03 Oct 2015 16:09 IST

Three out of 10 people lie on their resume, says Edward Hickey

LinkedIn is a good tool to get noticed and your profile can stand out without your bending facts

Edward Hickey
LinkedIn is a great tool to get noticed and it can make you stand out without having to lie, says Edward Hickey, Managing Director for the Asia-Pacific region of HireRight, a global employment screening firm. Hickey was in New Delhi recently to attend the annual HR conference of SHRM (Society of Human Resource Management), and spoke to BLonCampus on managing talent risk and more. Excerpts:

What is talent risk management?

It is knowing who you are bringing into the organisation. The challenge for HR in today’s age is really finding the right talent and retaining it. Often, the challenge is to do these things with speed; it’s important how quickly you can bring in the people you need. On the other hand, you need to make sure that they are, in fact, the right people and that’s where the risk aspect comes in.

Why do companies need to manage talent risk?

Companies need to do some diligence on whom they are hiring to find out what skills they have and whether the information provided is accurate or not. Usually, three out of 10 people would have a discrepancy or a lie on their resumé. Some can be very minor and basic, while others can be serious, but it’s a significant number, bearing in mind that most people already know they are going to be screened.

Typically, we check if the person has the track record he claims to have; if he has worked in the places mentioned in the resume or holds the university degrees he has listed. While such things can be cross-checked, the more subjective stuff remains a grey area.

We recommend that organisations should have a policy on the things they want to check. They also need to make sure those checks are relevant to the roles people are going to fill. If they are recruiting accountants, for instance, they would want to know what qualifications the individual has and if there are any discrepancies in the resumé, as that would be a big risk to the business, especially in a role where somebody has free access to vital information within the business.

To lower that risk, organisations would want to put in place certain checks.It is recommended that such a policy is relevant to the level of risk within a particular role in the organisation.

How can the due diligence be done?

Having a robust policy in place is key from the management’s point of view. From an HR perspective, getting stakeholders to buy into the process is the other key factor. Everyone in the organisation has to agree on the due diligence policy and understand why the screening is done, why the company needs to manage talent risk.

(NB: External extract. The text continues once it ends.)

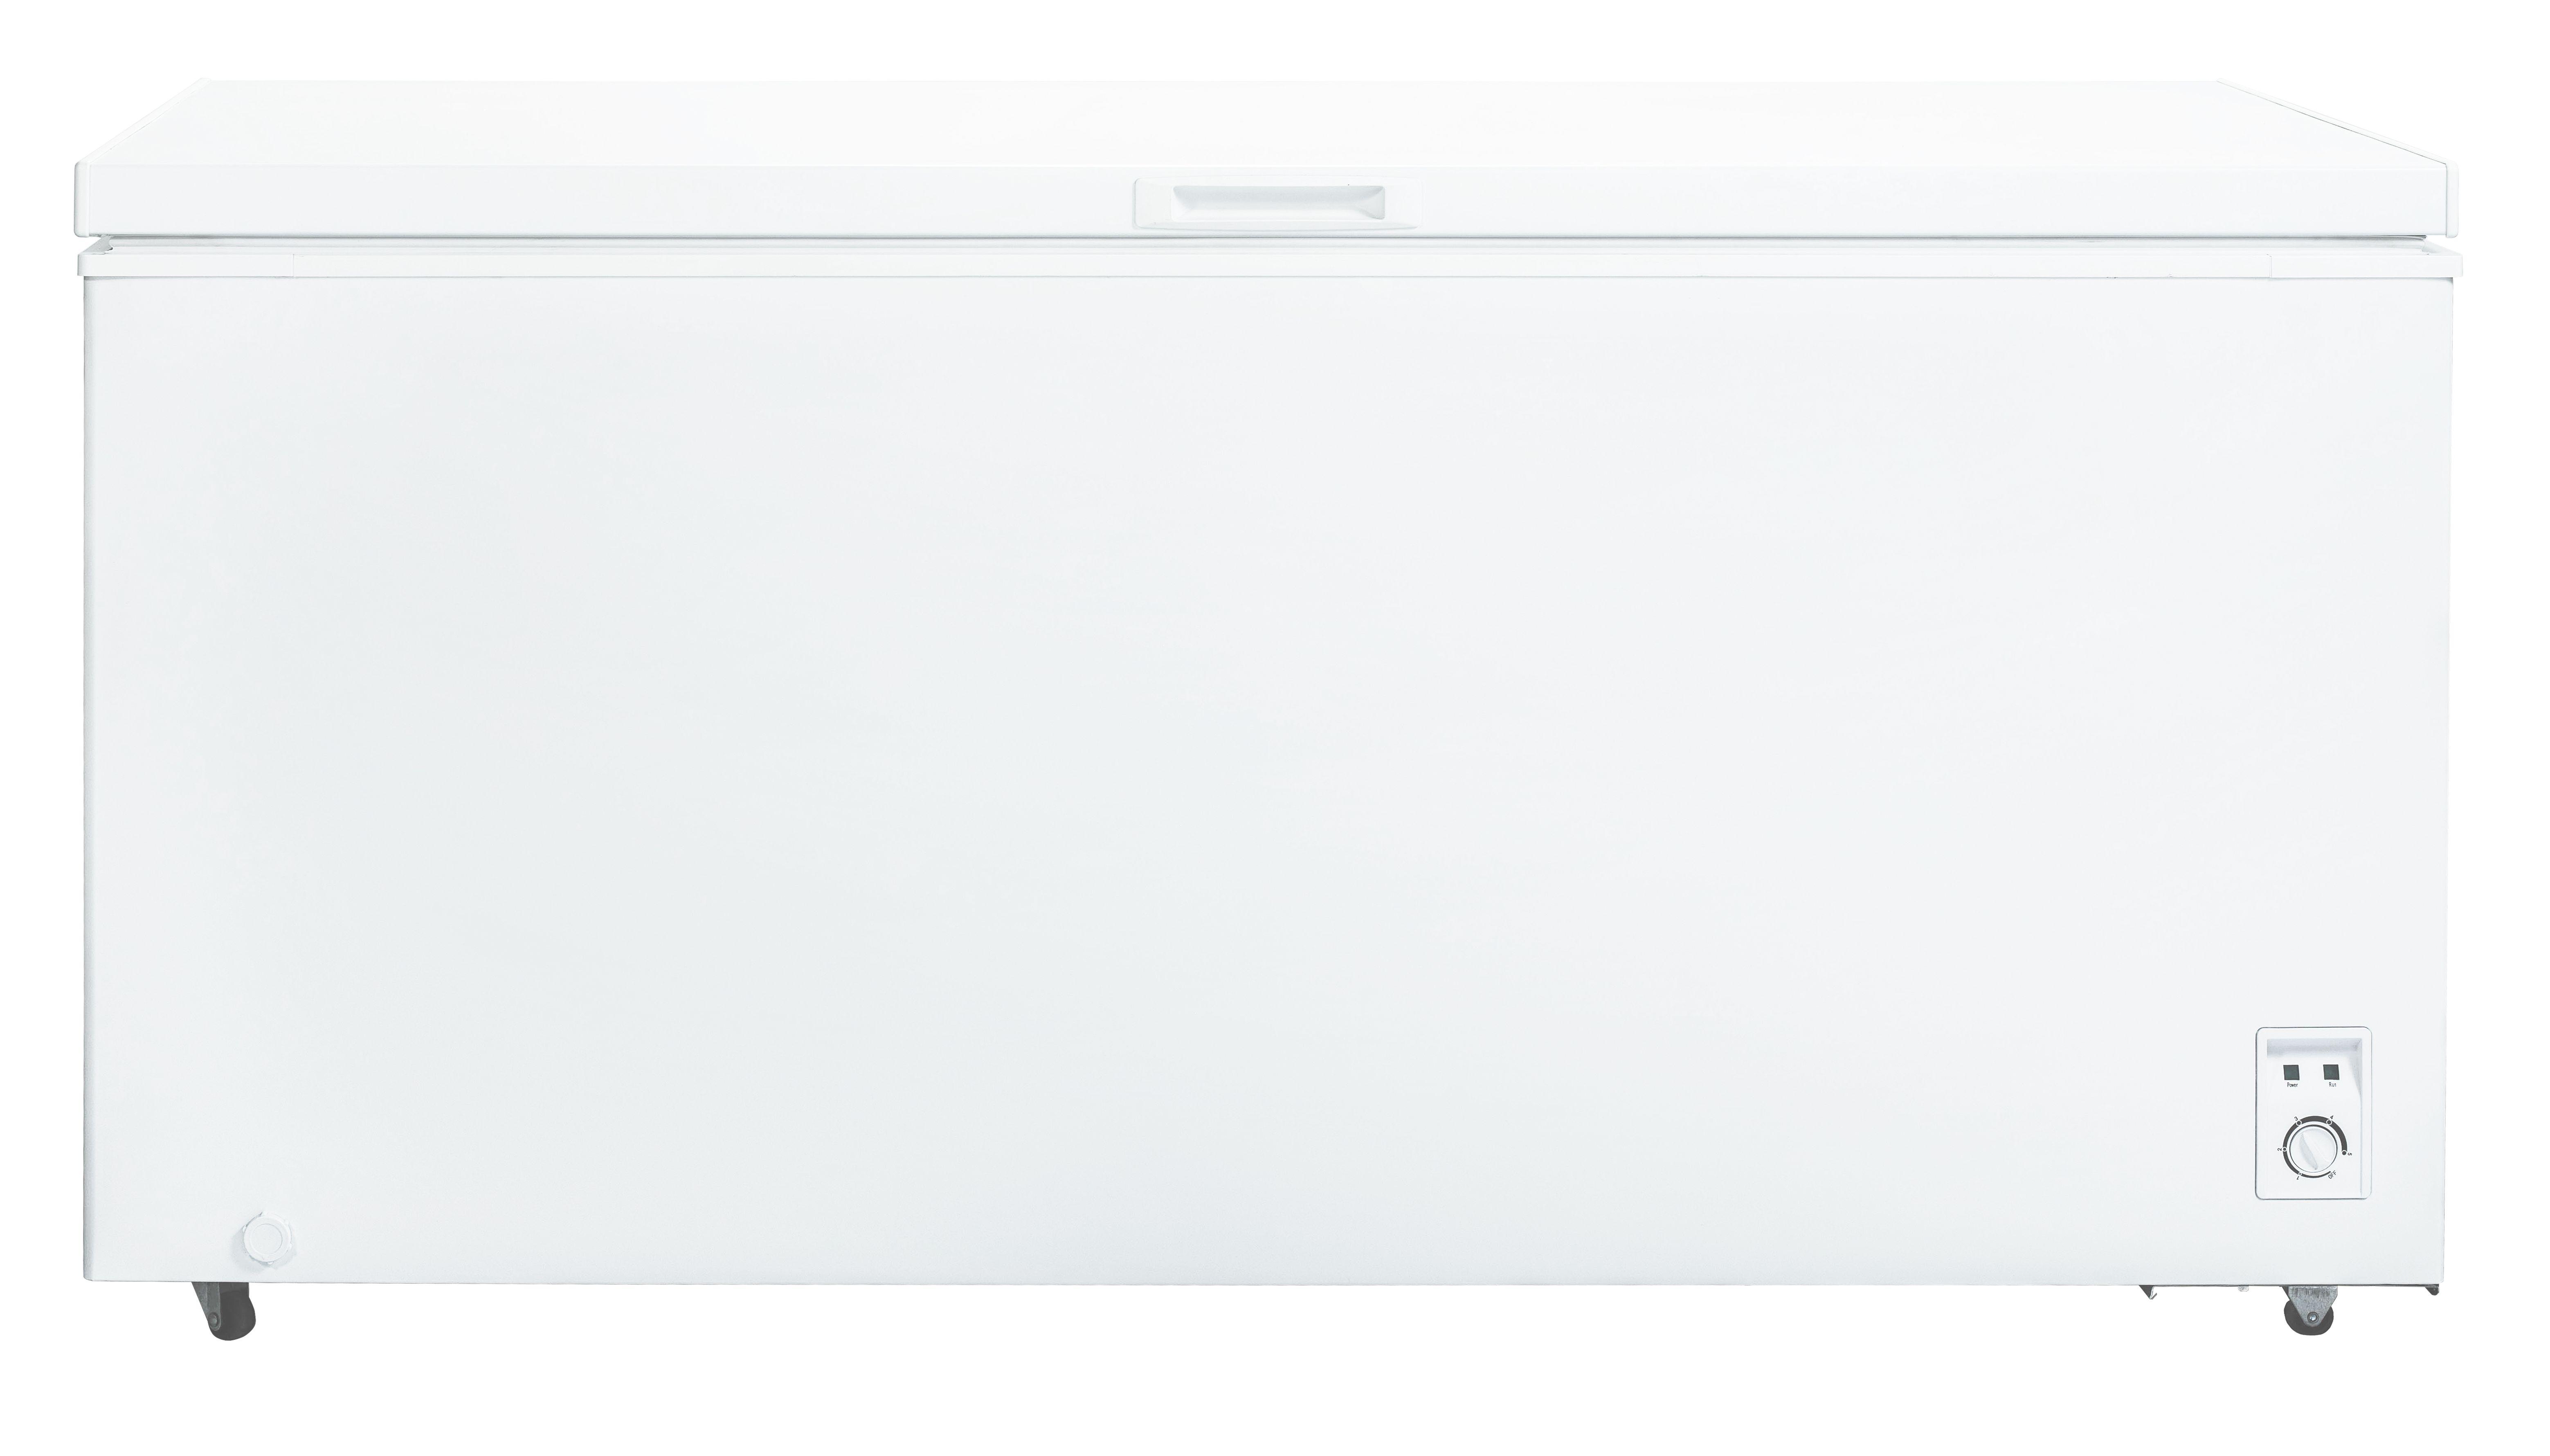 Kenmore 17182 17.7 cu. ft. Chest Freezer - White im test
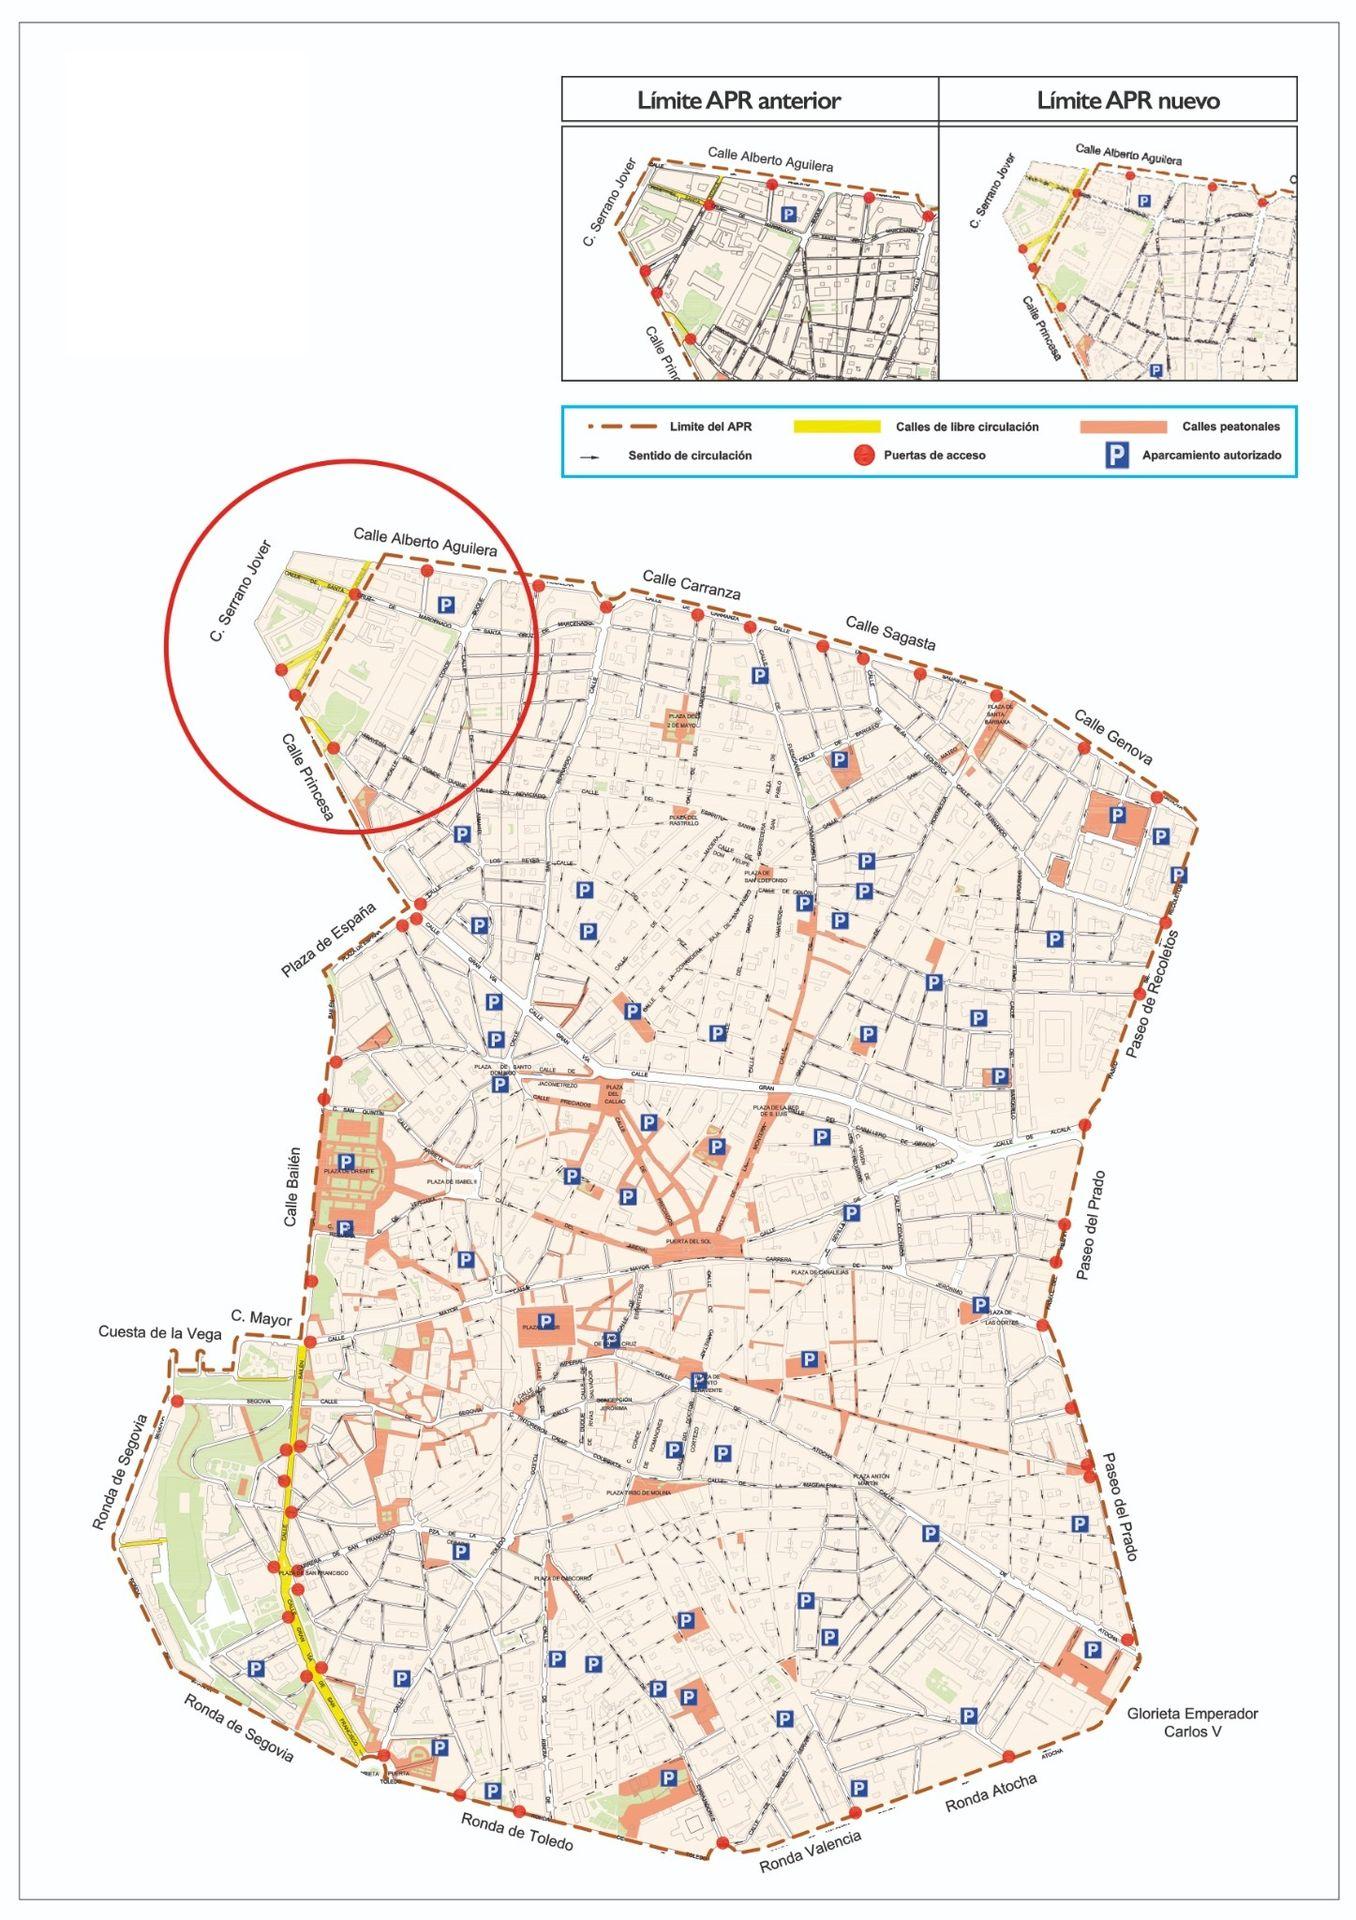 mapa-martires-de-alcala.jpg

The other side to it is the candidate — it is more of a people’s aspect. For the screening programme to succeed, the candidate needs to be engaged too, and participate in the process actively. The hiring organisation must educate the candidate, and be open, telling him or her why it is doing the diligence, and what kind of checks are being done. If it doesn’t it could end up with a negative experience with the candidate and that could cause problems within the organisation, as the risk management strategy will be viewed with scepticism and doubt by the rest of the organisation.

Getting advice from an expert or a screening firm can guide a company on the kind of checks to be done.

Why are employers getting interested in the social media profiles of prospective employees? What do firms usually screen social media for?

You have to be cautious about what information you put out in the public domain. From a hiring perspective, we don’t actually use social media as a tool for candidate screening. The reason is it tends to be very subjective information. The information on social media may or may not be factual, so one has to be very cautious when looking at that information from a hiring perspective. But if you are looking at suitability, social media profiles can be a good indicator of whether the candidate is suitable or not.

A firm might be looking for things concerning its business. And if a candidate has a view that is directly in conflict with an organisation's views, that would be a concern. But I guess that takes place typically prior to the decision of screening an individual.

How one can make his/her profile noticed on LinkedIn?

A lot of searching for candidates now takes place on LinkedIn, whereas, earlier, one would typically go to a recruitment agency and get applications from them. LinkedIn is a great resource, and therefore, putting up accurate information will only help a candidate.

Let’s say, an employer finds you on LinkedIn and then decides to screen you and finds a difference between the profile and reality. That could result in your not getting the job. So, when you draw up your LinkedIn profile, you should put in as many accurate and relevant details as you can.

You can also get references from former co-workers and managers, and make sure that if you are citing them as references, they will actually verify and stand up for you. Make sure the details about what you did and when you did them are factually right. I think that will stand you in good stead. LinkedIn is a very good tool to get noticed and I think you can do a lot to have your profile stand out without having to lie.